Saturday, February 11, 2012

Blessed are They for Whom the Media Does Not Impute Wickedness

By way of Instapundit we have:
http://www.slate.com/articles/news_and_politics/explainer/2012/02/is_sexual_abuse_in_schools_very_common_.html

Let's see...proportional rates likely HIGHER than those of the much reviled Catholic Church....check
Coverup....which we're all told is far worse than the original crime...check

Massive media attempt to generate public outcry to raze the schools to the ground and salt the earth on which they stood?  No

This is a classic example of the media applying radically different standards to groups it likes versus those that it doesn't.  Think, for instance, of how much cultural attention the less than around 5000 lynchings over the course of about a century got.  Way more than the disproportionate black on white murders get, and a lot of the lynchings back in those days were frankly, quite justified.

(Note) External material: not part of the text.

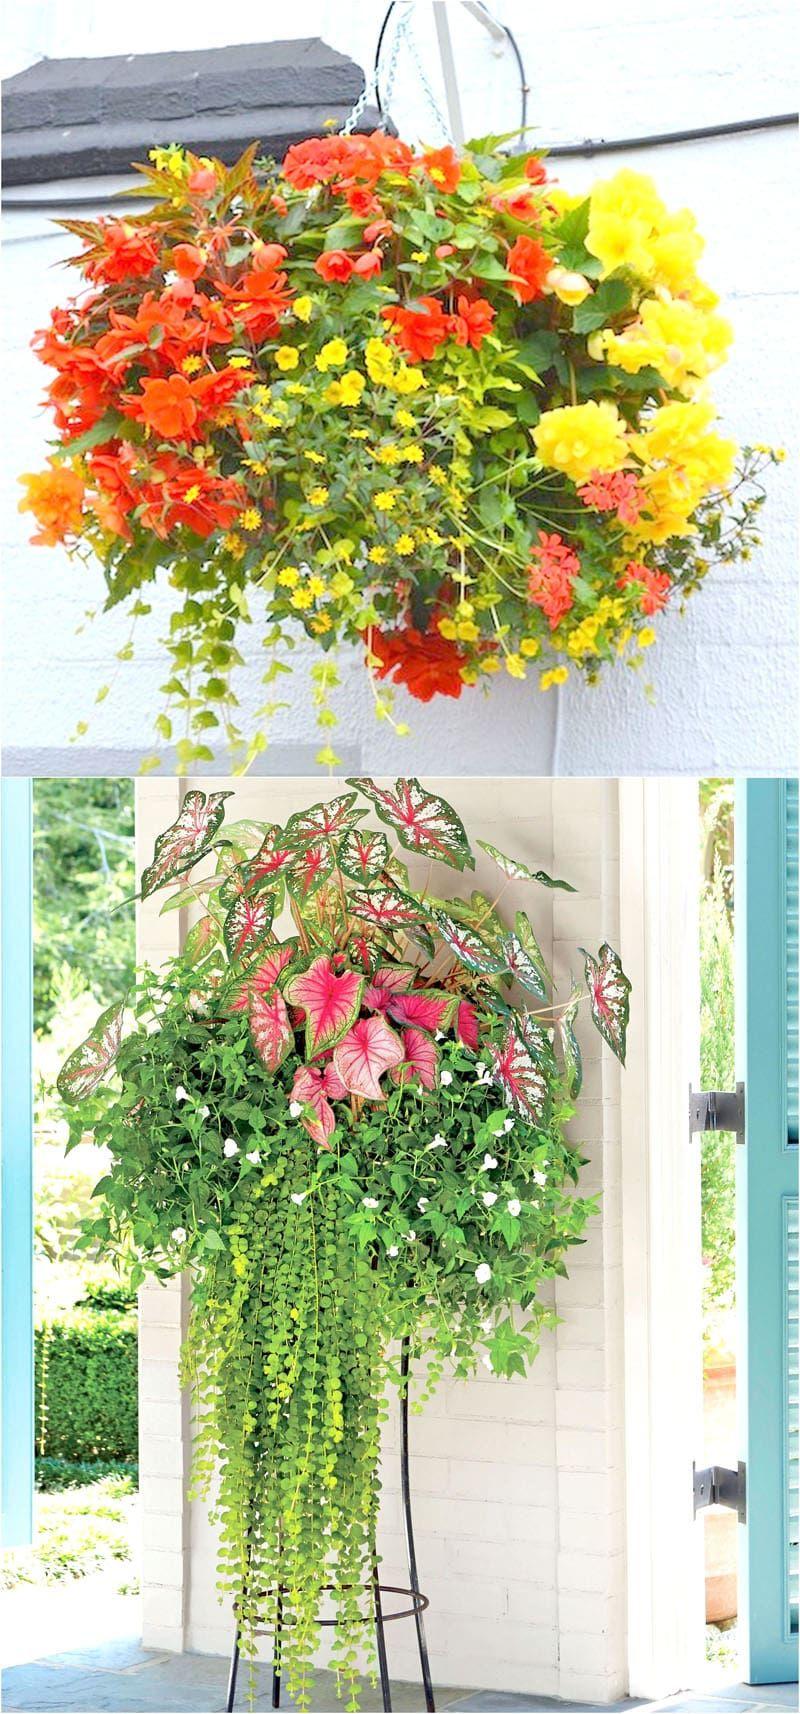 15 Beautiful Flower Hanging Baskets Best Plant Lists Plants For Hanging Baskets Hanging Plants Outdoor Hanging Plants Indoor

Let me relate an old family story of mine.  I'd have been inclined to dispute it but for the fact that a postcard from the beginning of the 20th century was produced as photographic evidence.

A malefactor in a Southern state raped a girl.  He was convicted by the jury and sentenced to death.  Nobody seriously disputed the fact that he was guilty.  However, he was a crony of the state governor.  The governor pardoned him---incidentally breaking the 'honest graft' rules of his contemporary up North (George Washington Plunkitt, who called the penal system the Forbidden Fruit).  The good citizens of the capital city in question decided they'd have none of that, so they strung the convicted and pardoned man up from a lamp post, and made a postcard of it.  I suspect a lot of lynchings were similar, despite the popular narrative in the media that all lynching victims were innocent black people murdered by wicked white people (in this case, I'm pretty sure that the lynched was neither innocent nor black).  History is always messier than any clean narratives progressives like to spin.

3 comments:

Anonymous said...

Up until the civil rights movement the majority of people lynched in the south were white.

Jehu said...

It'd be interesting to see what fraction of people who got lynched fit into each of the following categories:
1. Got what was coming to them
2. Were guilty but got more than what was coming to them
3. Relatively innocent
My guess is nobody will do a doctoral dissertation on this despite the relatively tractable number of cases---less than 5k--because of how radioactive the issue is.

RS said...

I can tell you 'cause I once read a study or data-collation on it, whose scope was, I think, the 19th century. This is all from memory though.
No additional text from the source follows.